The test I created looked like this:
(testing "the prime factors of the product of a list of prime numbers is those numbers"
(is (= (prime-factors (* 2 2 3 5 7 13 13 17)) [2 2 3 5 7 13 13 17])))
Sure enough, the test passed. I felt happy and confident that I had completed my implementation.
However, there was something interesting to notice here -the description of this last test is in some way different to all the others. All the previous tests each explained a single, focused example of a behaviour of the function. But this new test explains a rule which holds for the whole implementation. Could this rule be a good candidate for property test?
The Property Test
Using the clojure.test.check
library, I created the following property test
(prime-numbers
is a vector containing the first 1000 prime numbers).
(defspec the-prime-factors-of-the-product-of-a-list-of-prime-numbers-is-those-numbers
100 ; Number of iterations to run.
(prop/for-all [primes (gen/vector (gen/elements prime-numbers))]
(= (prime-factors (apply * (map bigint primes))) (sort primes))))
This test makes 100
attempts at running prime-factors
, each time with a
number generated from a random list of prime numbers. The result is then
compared to the sorted list to confirm the behaviour.

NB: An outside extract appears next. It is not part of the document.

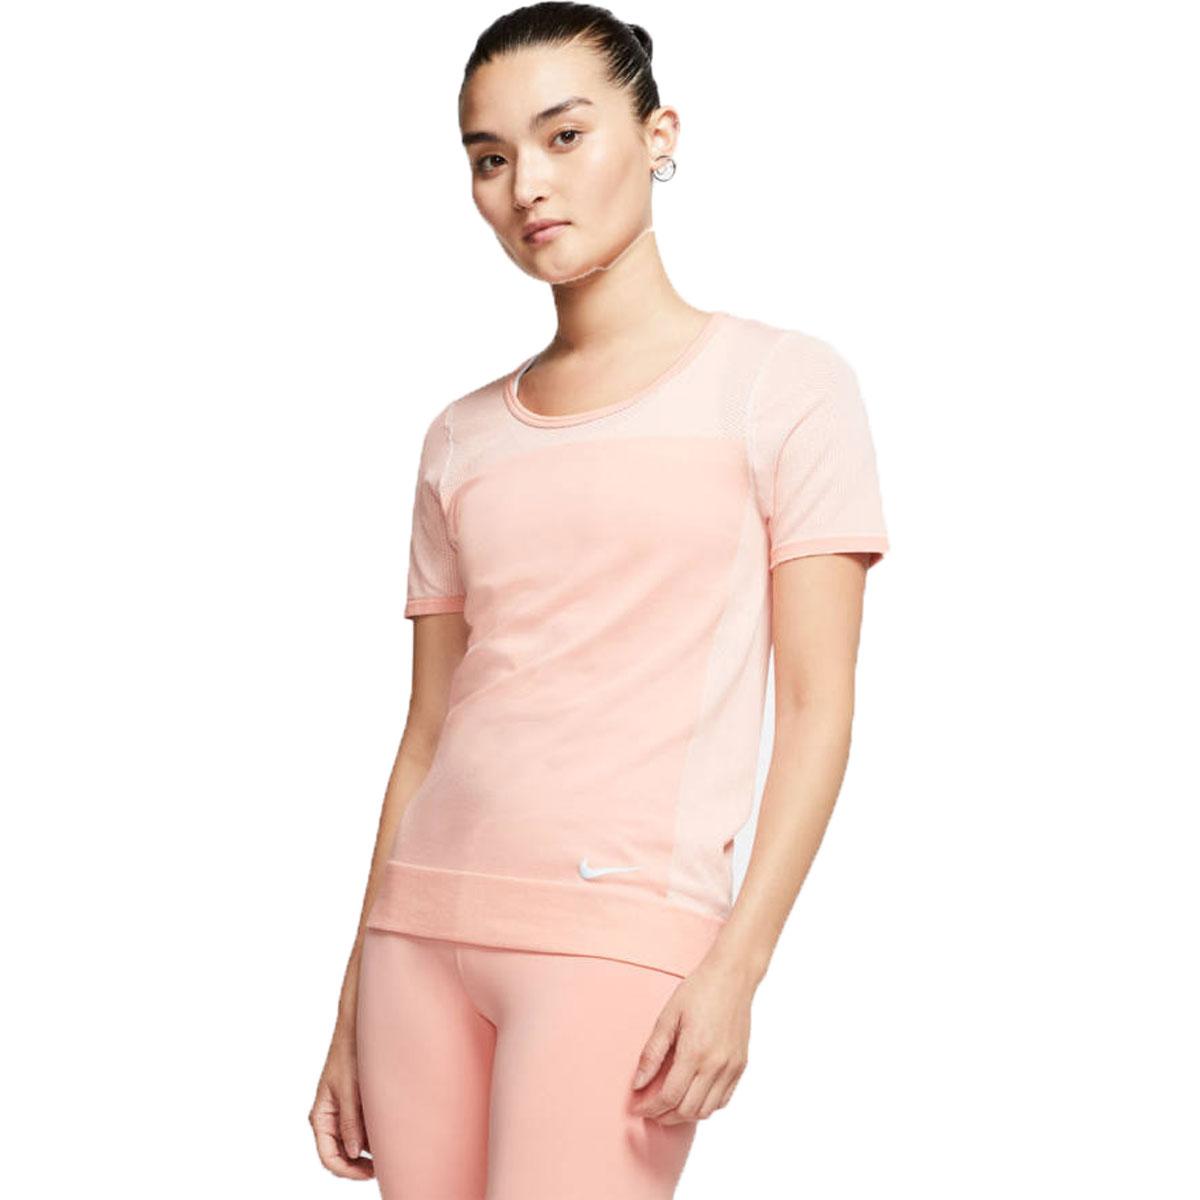 Women's Nike Infinite Short Sleeve, , large, image 1

Feeling confident in the algorithm, I ran my tests. However, this was the result:
lein test property-testing-example.core-test
{:result #error {
:cause nil
:via
[{:type java.lang.StackOverflowError
:message nil
:at [clojure.lang.Numbers$LongOps isZero "Numbers.java" 443]}]
:trace
[;...
]
Ran 2 tests containing 9 assertions.
0 failures, 1 errors.
Tests failed.
My recursive solution had blown the stack! That’s certainly something I don’t
want to happen. With this new bit of information, I then updated my function
to be tail call recursive (by using Clojure’s loop
/recur
construct):
(defn factor? [divisor number] (zero? (mod number divisor)))

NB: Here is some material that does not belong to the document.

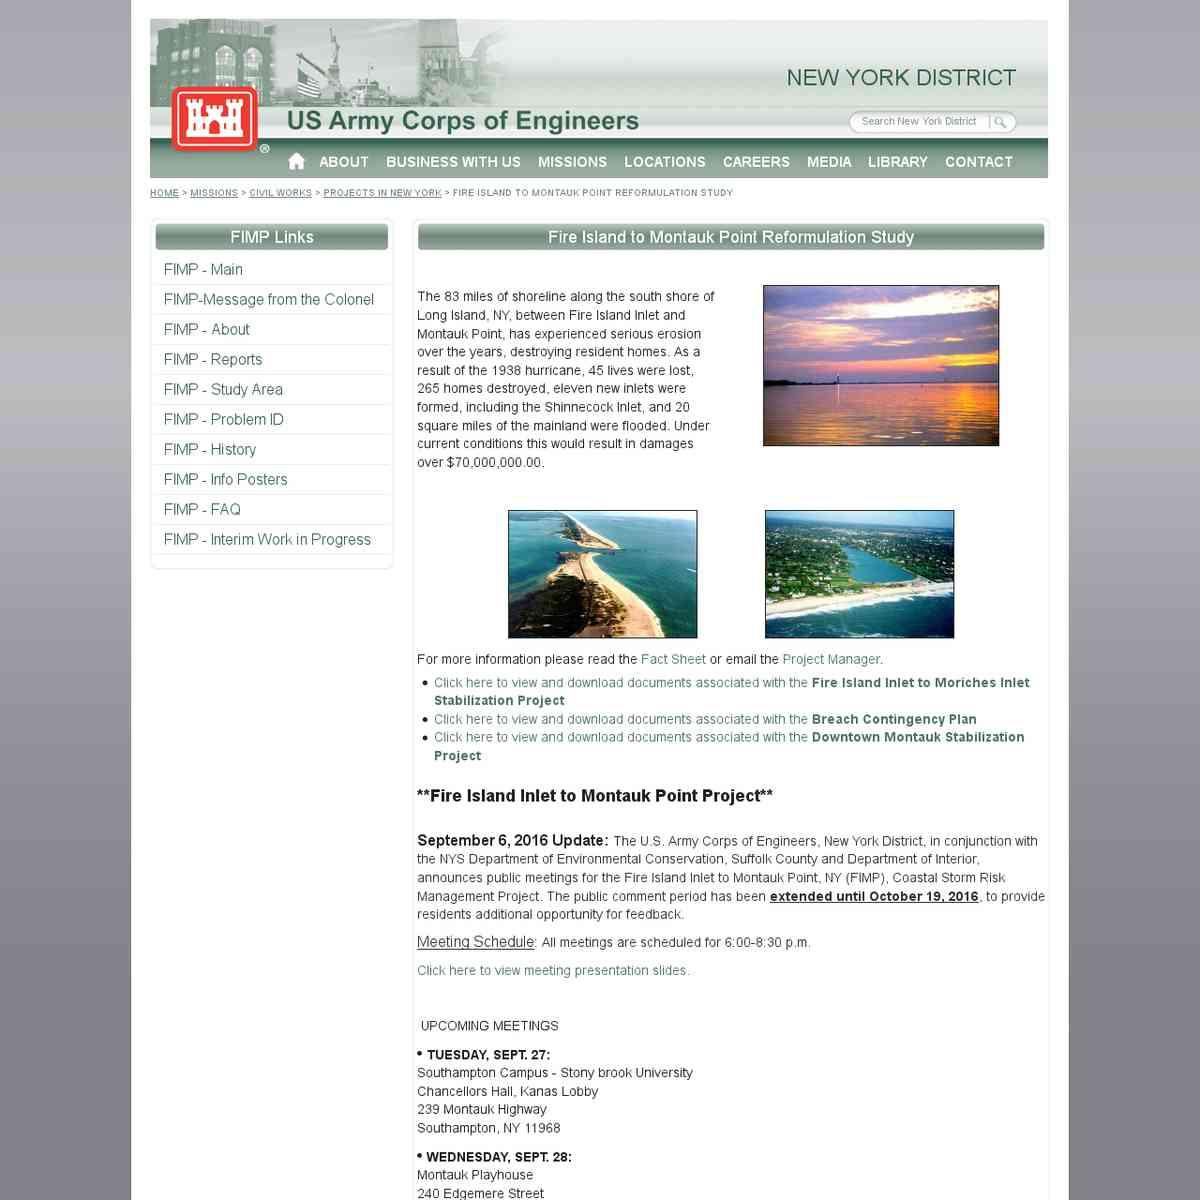 Fire Island to Montauk Point Reformulation Study

(defn prime-factors [input-number]
(loop [factors []
divisor 2
number input-number]
(cond
(= number 1) factors
(= divisor number) (conj factors number)
(factor? divisor number) (recur (conj factors divisor) divisor (/ number divisor))
:default (recur factors (inc divisor) number))))
Finally, I have a successful implementation:
lein test property-testing-example.core-test
{:result true, :num-tests 100, :seed 1465248402934, :test-var "the-prime-factors-of-the-product-of-a-list-of-prime-numbers-is-those-numbers"}
Ran 2 tests containing 9 assertions.
0 failures, 0 errors.
Conclusion
Now it’s perfectly possible that I could’ve written an explicit example cause the stack to blow. However, to have created such an example, I would have had to have been focussing on the implementation of the language. What’s more, at some point my code might be compiled on a platform with a different stack size - invalidating such an example. By using a Property Test, I managed to locate an implementation edge case error by focusing only on the domain of the problem I was solving, for this reason I can see this as being a valuable tool!
An Admission
For this example, I did intentionally set out to blow the stack. However, when I wrote the property test, I initially failed to generate an error because my range of input prime numbers was not high enough (only the first 10). After increasing the list, I got the error I was expecting. This raises the question that if you don’t know what error you are looking for, how do you ensure that the range that your generator is generating is sufficient? Something to ponder on…
This topic is a new adventure for myself and many others, if you have experience in or thoughts about this subject, we’d be very grateful if you would share them.